Links: npr interview with Meghan Cox Gurdon and author Lauren MyracleScott Westerfield wrote a fantastic post on the subject, Think About The has an post talking the subject:Seeing Teenagers As We Wish They Were


Katrina L. Lantz said...

Cool! Three different perspectives from one blog! We are the party place!

I feel like I've said quite a bit (sorry) in this important conversation, so I just want to add one more thought for people who think parents are being condescending about their teens. (in response to Scott Westerfield's post)

Third person media effect. It's something I learned about in a communications class and it stuck with me. It means that people acknowledge the things they read, see, and listen to affect other people. But they don't see how media affects them personally. Truth is it (the entertainment we choose) affects all of us. That's the very valid concern of parents. We can be as smart as we want to be, but if we watch horror movies every day, we're going to be affected by them. That's the argument against violent video games, and it's the same argument against "edgy" content in books.

Teens are SO smart. Agreed. They're not immune to influence.

Amparo Ortiz said...

Lindsay, great post! Choice, people. That's all that matters.
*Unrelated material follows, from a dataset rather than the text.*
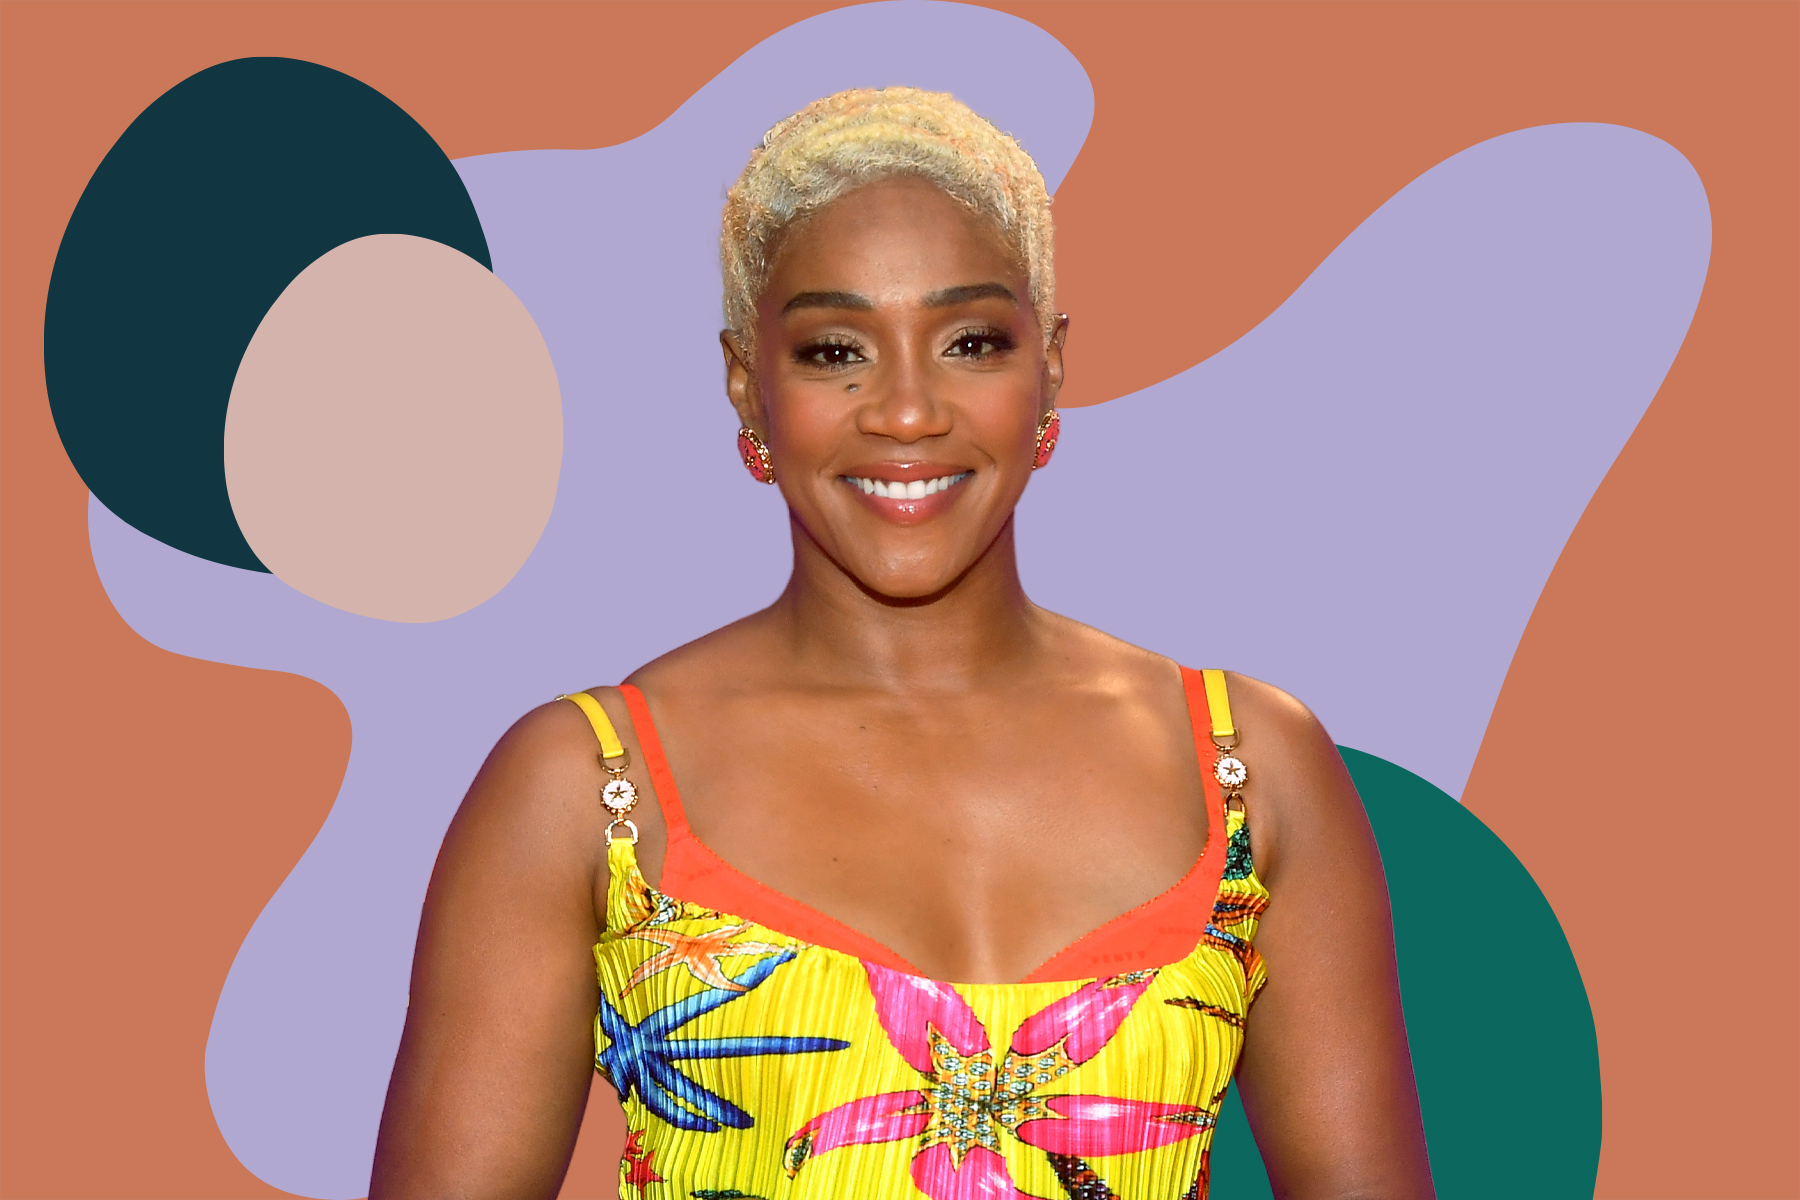 Tiffany Haddish Gets Real About the Struggles of Being a Woman in Comedy | HelloGiggles

There's something for everybody.

Katrina, I totally see your point, and I agree that this is a valid concern for parents. But I think Sarah Fine said exactly what I want to say, only better :) Here's the link to her post on influence:

Katrina L. Lantz said...

Thanks for the link!

I agree with Sarah when she said, "Part of me sort of wants to scream WHY ARE WE WASTING TIME TALKING ABOUT THIS instead of supporting parents to really engage with their kids, become educated and empowered consumers of both research and literature, and make good decisions about how to guide their teens? How about we talk about how to get more teens to read? Oh, heck, why don't we all go and work on our WIPs?"
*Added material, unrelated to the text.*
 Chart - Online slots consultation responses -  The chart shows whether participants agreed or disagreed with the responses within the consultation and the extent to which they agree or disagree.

Hee hee. That's my shtick. I'm recoiling from some authors who have chosen to be snarky toward concerned parents rather than truly engaging them in the conversation about YA issues books. My friend and I want to start a non-profit to put a family library in every home. Imagine how much better the world would be if every mom or dad read with their kids and talked with them about the story. I hope more author types make that their focus instead of Scott Westerfield's quite condescending post about reactionary parents and how their teens know better than them. That doesn't build the kind of relationship between teens and their parents needed for a worthwhile discussion.

Kristal Shaff said...

Soooo true, Katrina!

Becky Mahoney said...

Hi Operation Awesome ladies! Sorry to go off topic in such a great post, but I didn't know where else to put this. I entered the Mystery Agent contest this month - my entry was THE HUNGRY GROUND. Well, I have had a bit of progress on the agent front, and I have to make certain decisions by the weekend, so the MS probably won't be available for much longer.

Anyway! That was a very vague and roundabout way of saying that I should withdraw from the contest. But thank you all so much for doing these, as always!

Katrina L. Lantz said...

Thank you, Becky! How exciting for you! Congratulations! I'll let our Mystery Agent know.